Audi, an arm of German multinational Volkswagen Group, has been the subject of investigation from authorities after the 2015 scandal in which VW was found to be cheating emissions tests.
The Munich’s prosecutor’s office made a statement, saying: “As part of an investigation into diesel affairs and Audi engines, the Munich prosecutor’s office executed an arrest warrant against Mr Professor Rupert Stadler on June 18, 2018.”
Volkswagen and Audi confirmed Stadler’s arrest, while adding: “the presumption of innocence remains in place for Mr. Stadler.”
Authorities said Stadler was being held over concerns he could obstruct their current investigation. Last week Stadler’s home was searched, as Munich prosecutors investigate him on suspicion of fraud.
Stadler, who has been part of VW’s executive board since 2010, is the highest ranking VW official to be arrested as part of the case. Since admitting to the accusations in 2015, the company has been subject to $20 billion in fines and settlements in the US, together with criminal charges laid against nine senior company officials, two of whom are now serving prison terms.

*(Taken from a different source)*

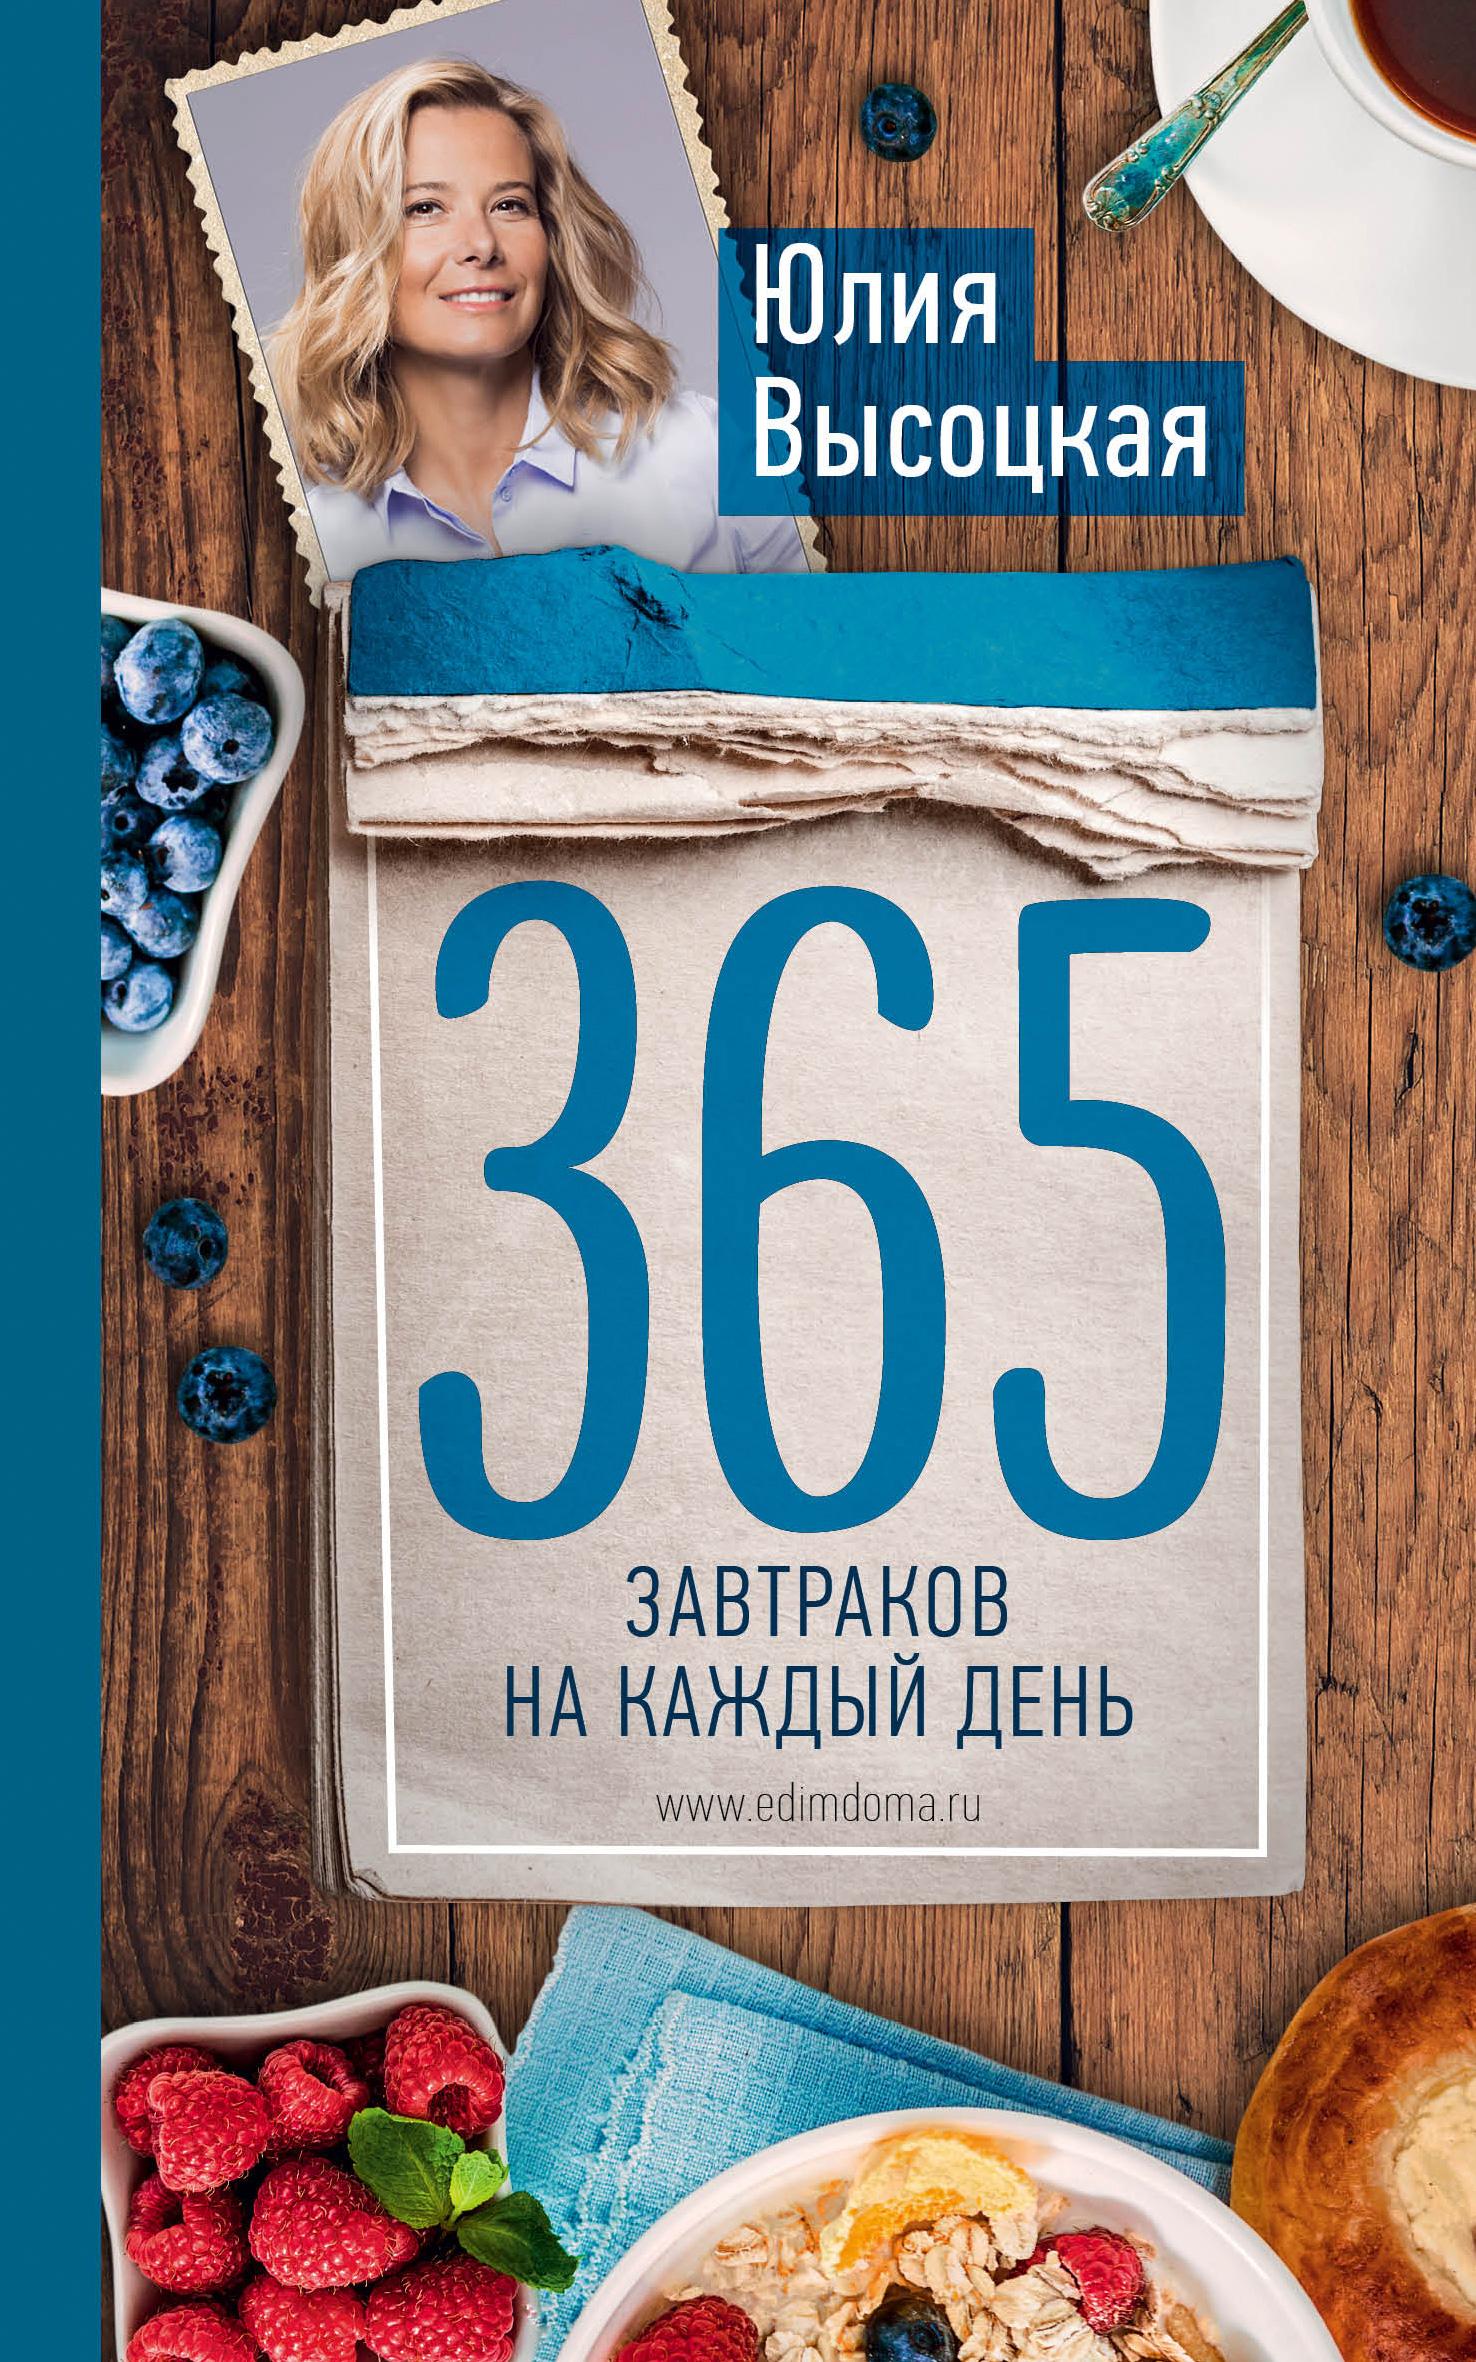 Юлия Высоцкая 365 завтраков на каждый день высоцкая юлия александровна воскресные завтраки

Most notable is ex-chief executive Martin Winterkorn, who had charges filed by US authorities in May, though he is unlikely to be extradited from Germany to face them.

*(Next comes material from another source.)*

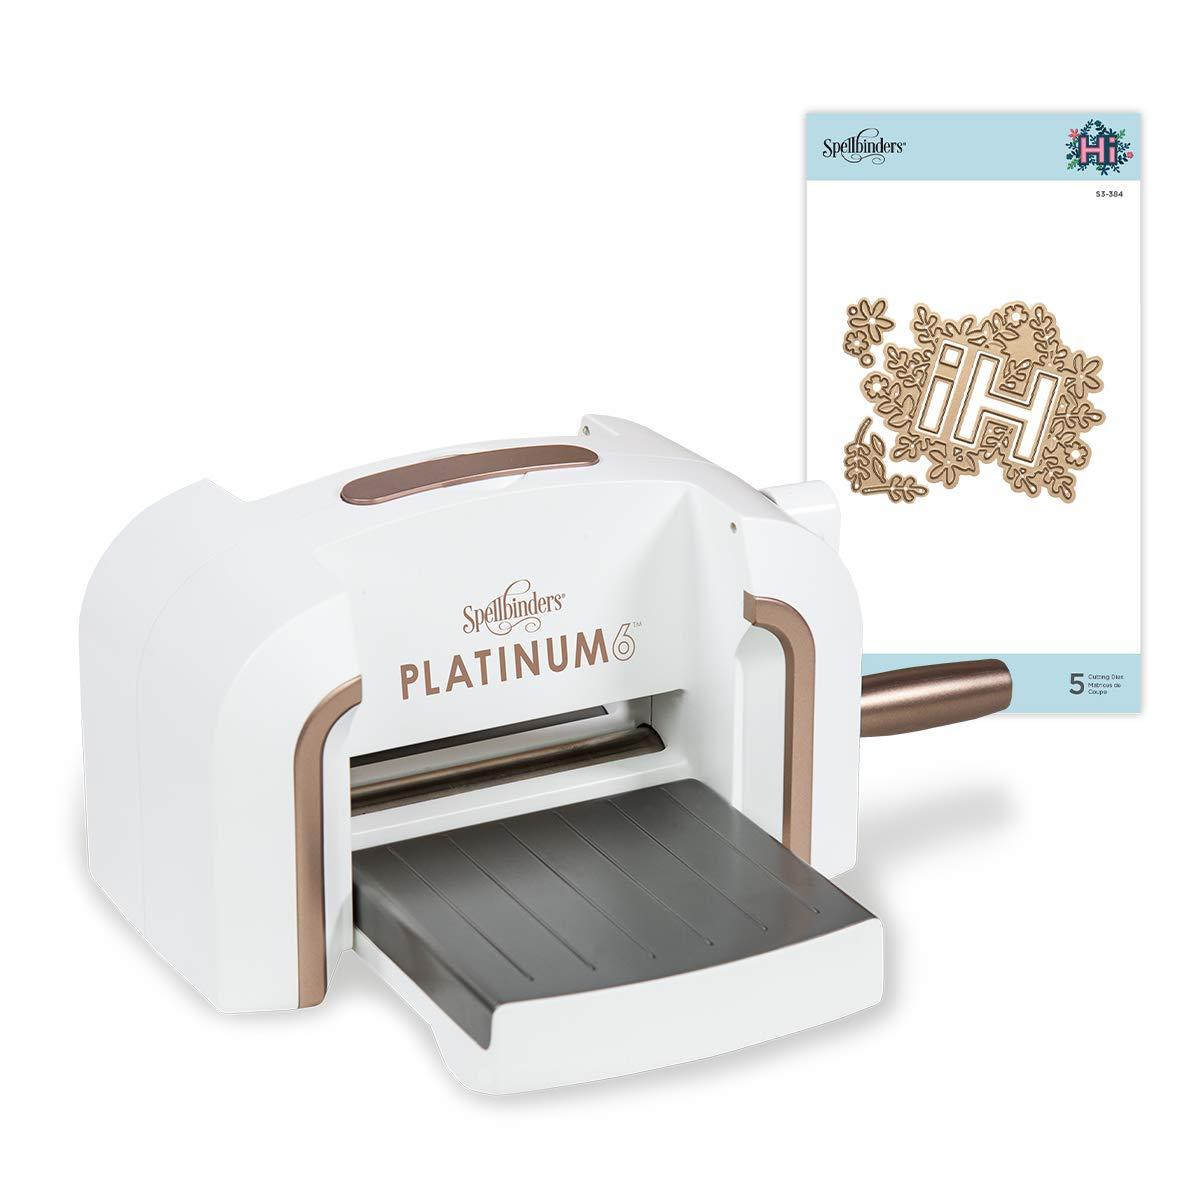 Spellbinders Platinum 6 Inch Platform Cutting Machine + Die, White

The arrest and current ongoing investigation is a separate one from German authorities, which may result in more strife for VW and its executives. This month they were served with a €1 billion fine in Germany, and almost 50 individuals are under investigation, including Stadler and Winterkorn.
The 2015 scandal came as the company admitted to installing software in their US diesel models between 2009 and 2015, aimed at detecting and cheating when emissions tests took place.
VW has seen two CEO changes since the scandal. Winterkorn stepped down to be replaced by Matthias Müller in September 2015, who was subsequently replaced by Herbert Diess in April this year.
Since his appointment, Deiss has been busy trying to turn around VW’s image, focusing on developing new technologies for commercial scale as well as setting up a new leadership structure, of which Stadler was a part.